#### Work to complete
The response must be the exact lines from the one that contains "GripGrab Termo Skull" through the end of the material, with no pictures and no additional lines.

#### Raw data
####################

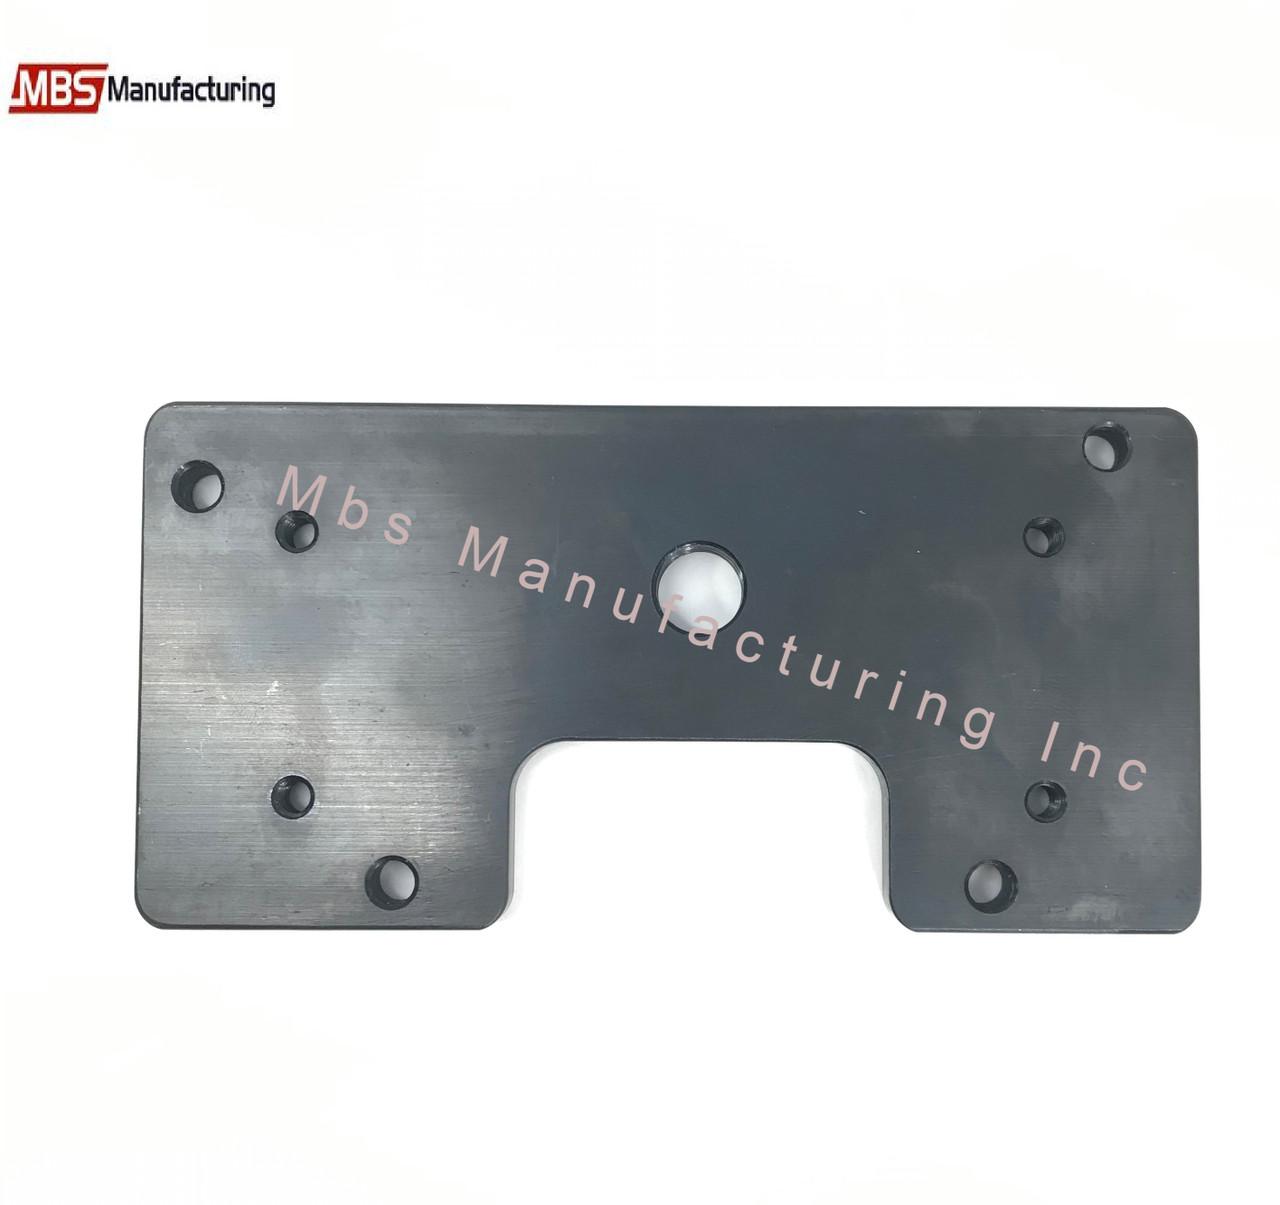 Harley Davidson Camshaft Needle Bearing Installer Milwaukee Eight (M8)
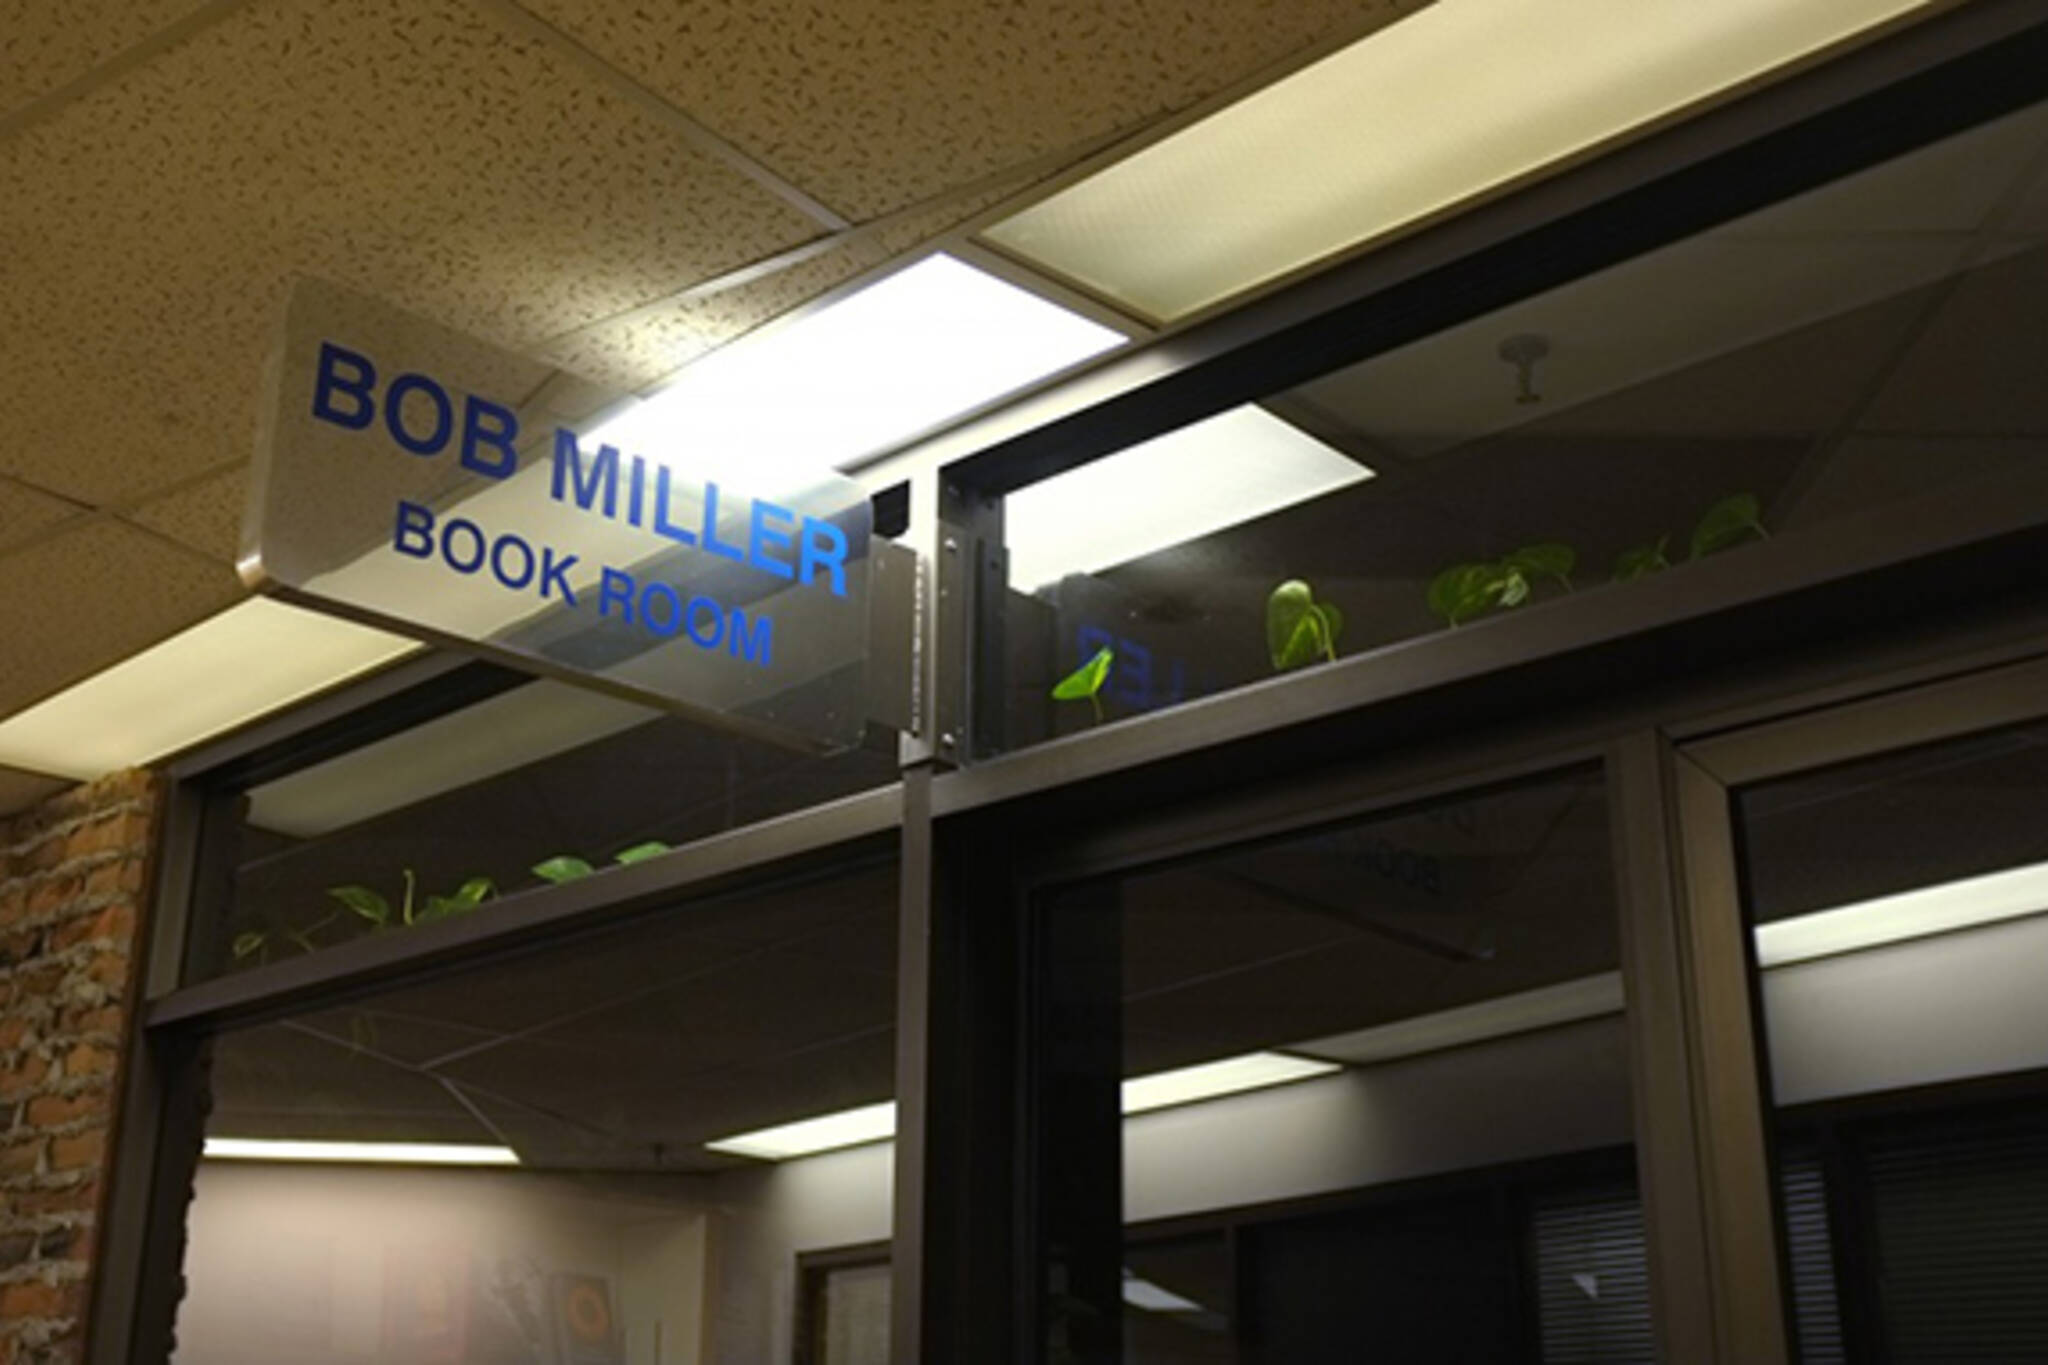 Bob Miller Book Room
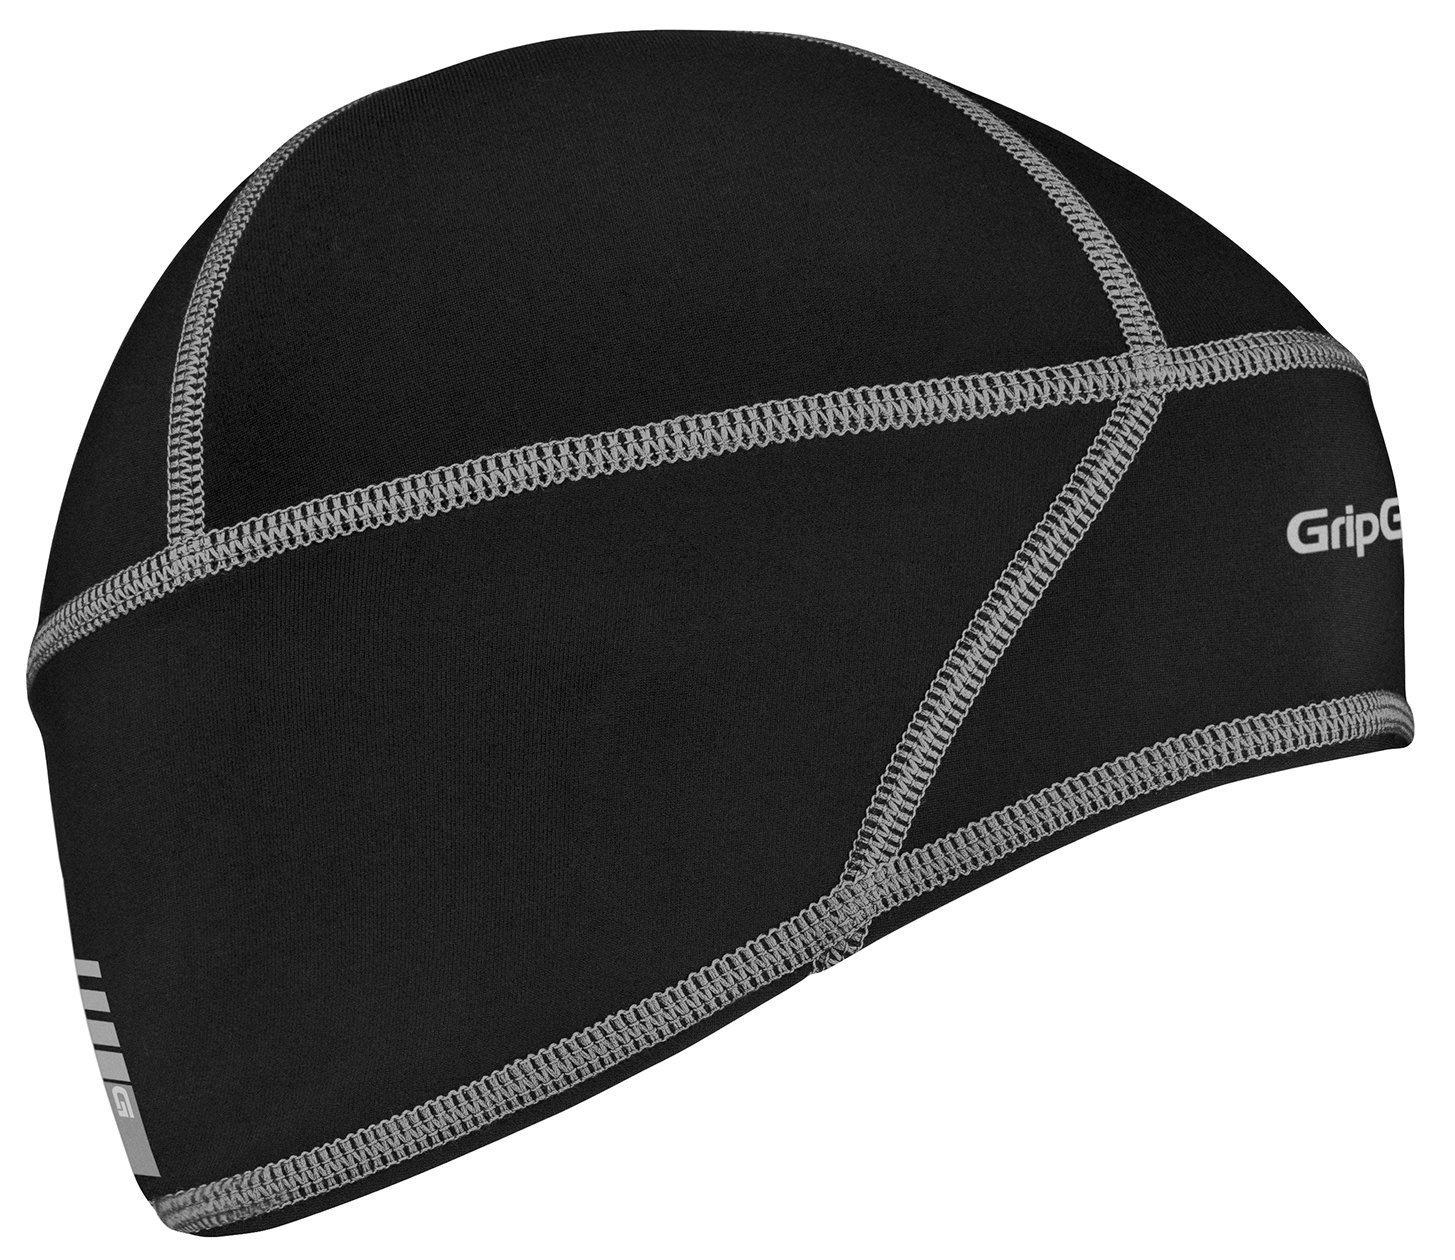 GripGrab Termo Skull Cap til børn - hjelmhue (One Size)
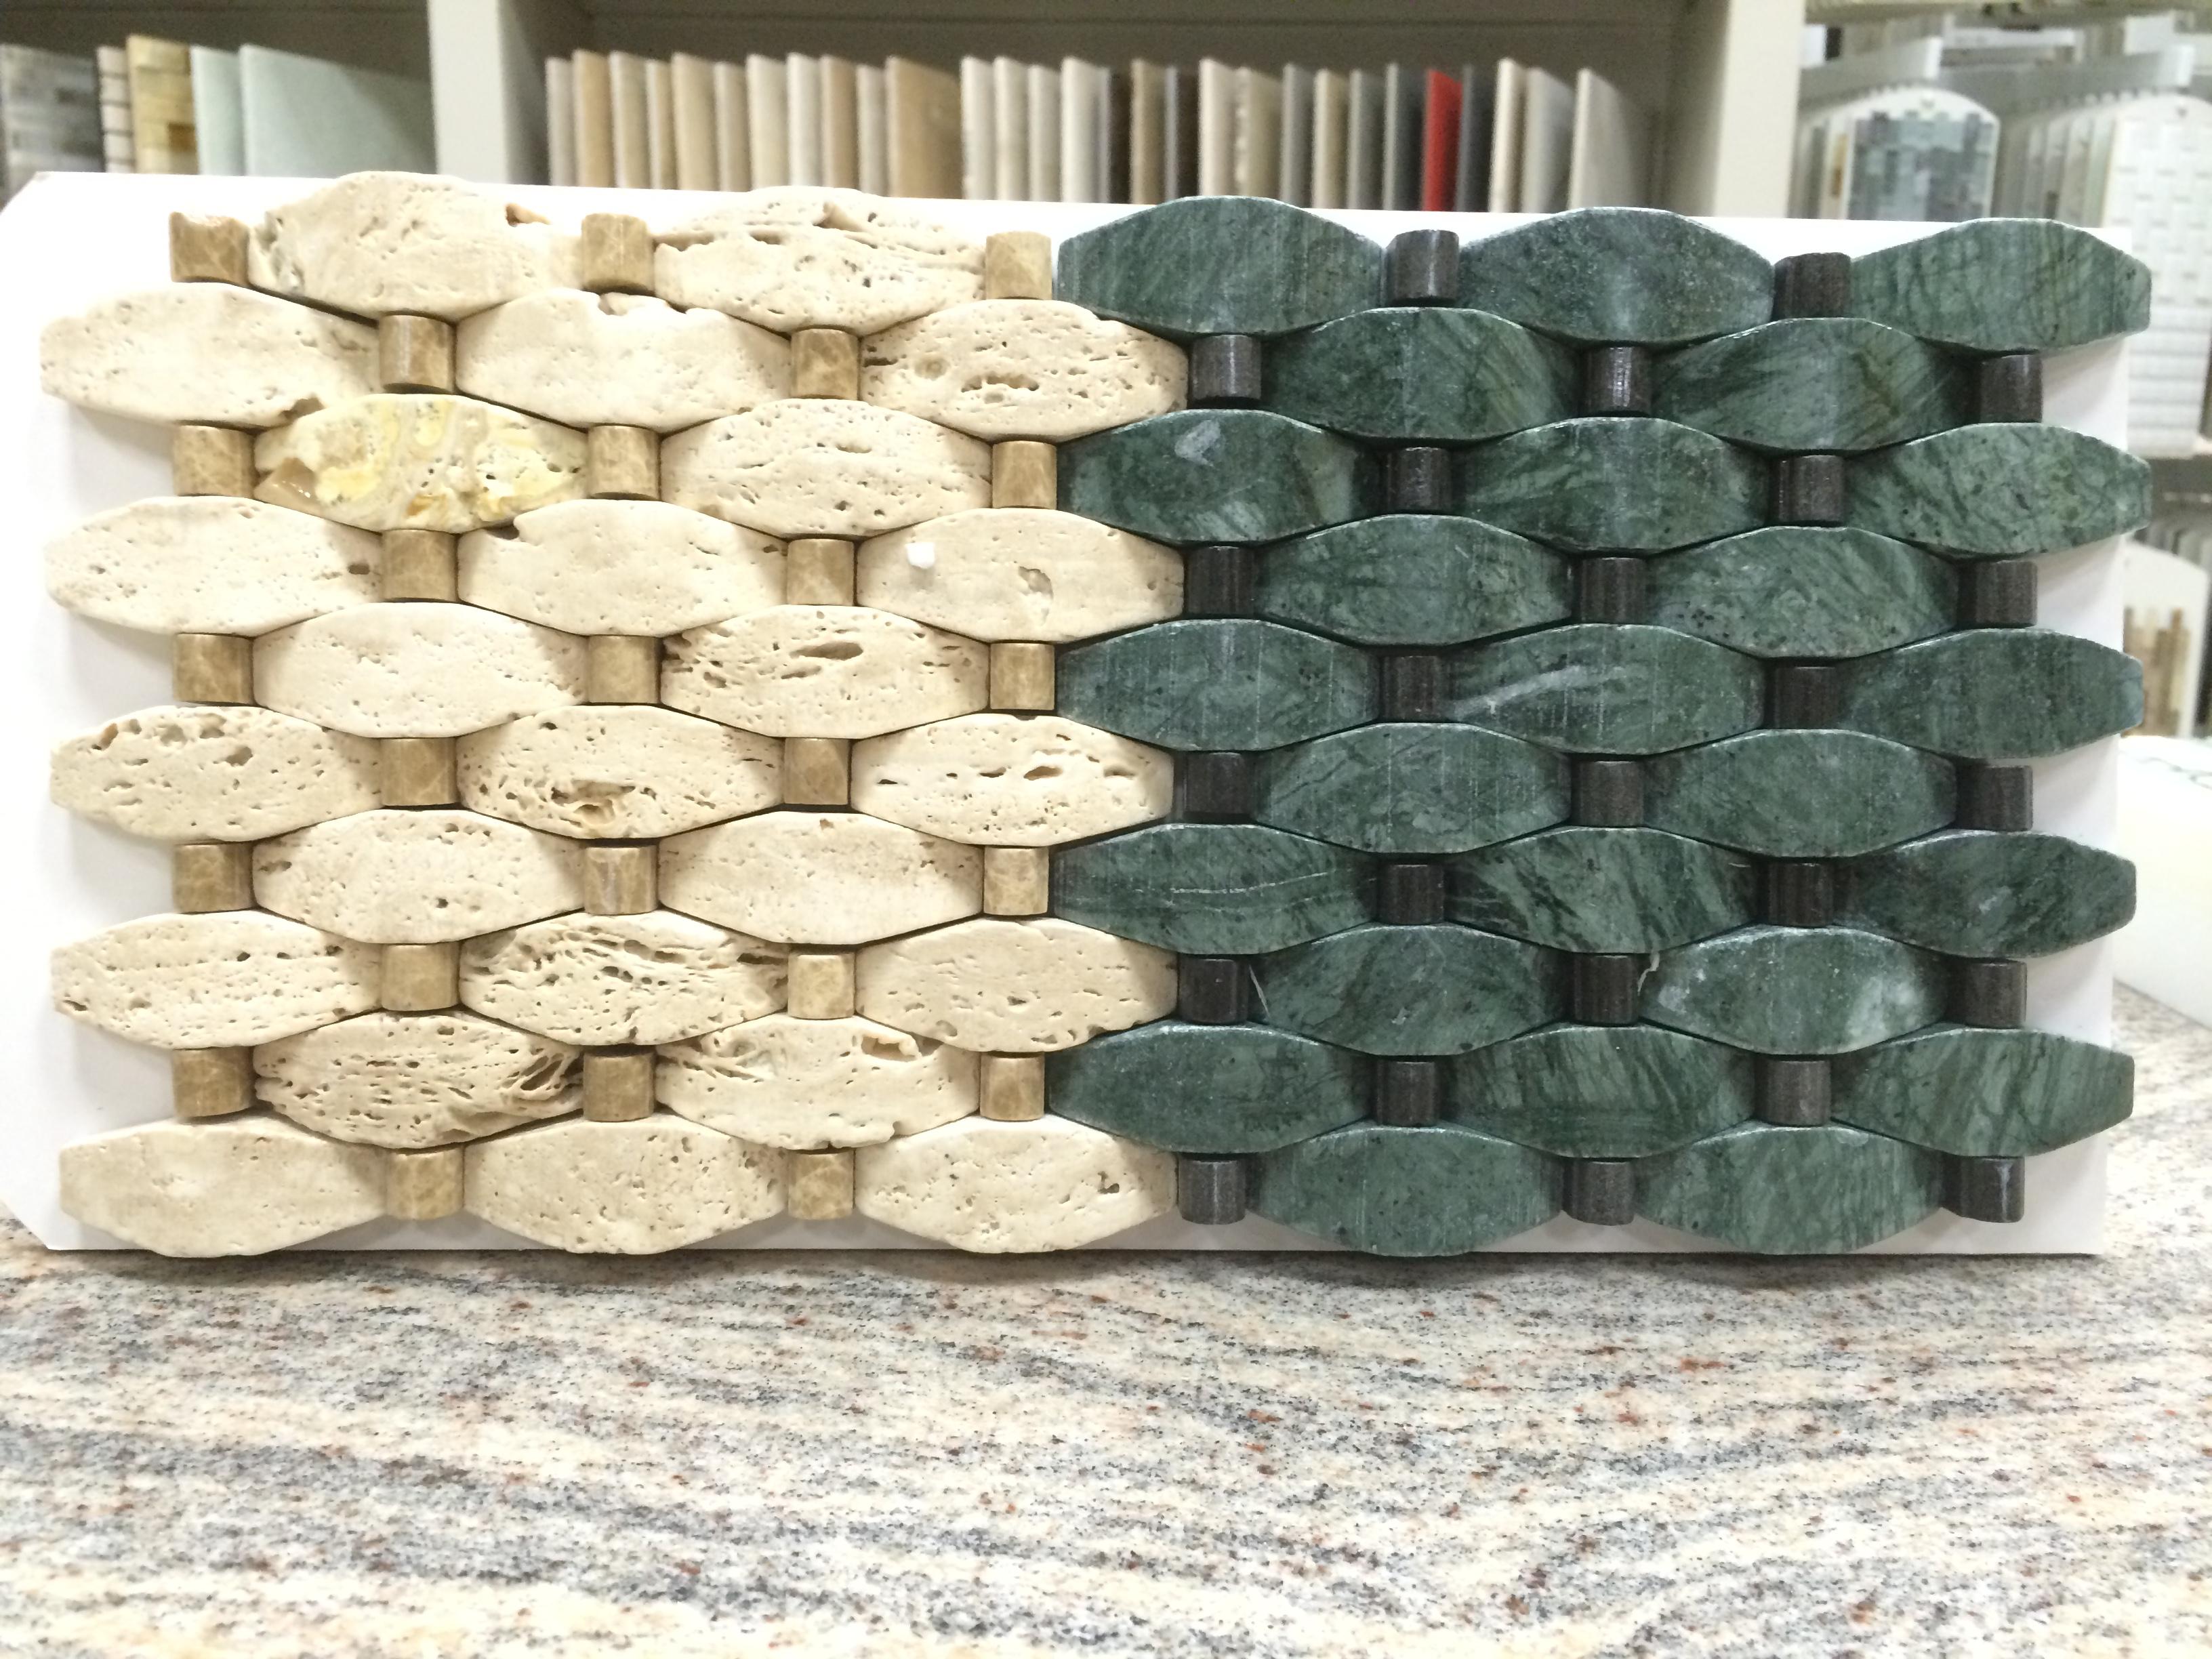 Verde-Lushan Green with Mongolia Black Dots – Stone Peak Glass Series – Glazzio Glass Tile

####################

#### The answer
 GripGrab Termo Skull Cap til børn - hjelmhue (One Size)
 Verde-Lushan Green with Mongolia Black Dots – Stone Peak Glass Series – Glazzio Glass Tile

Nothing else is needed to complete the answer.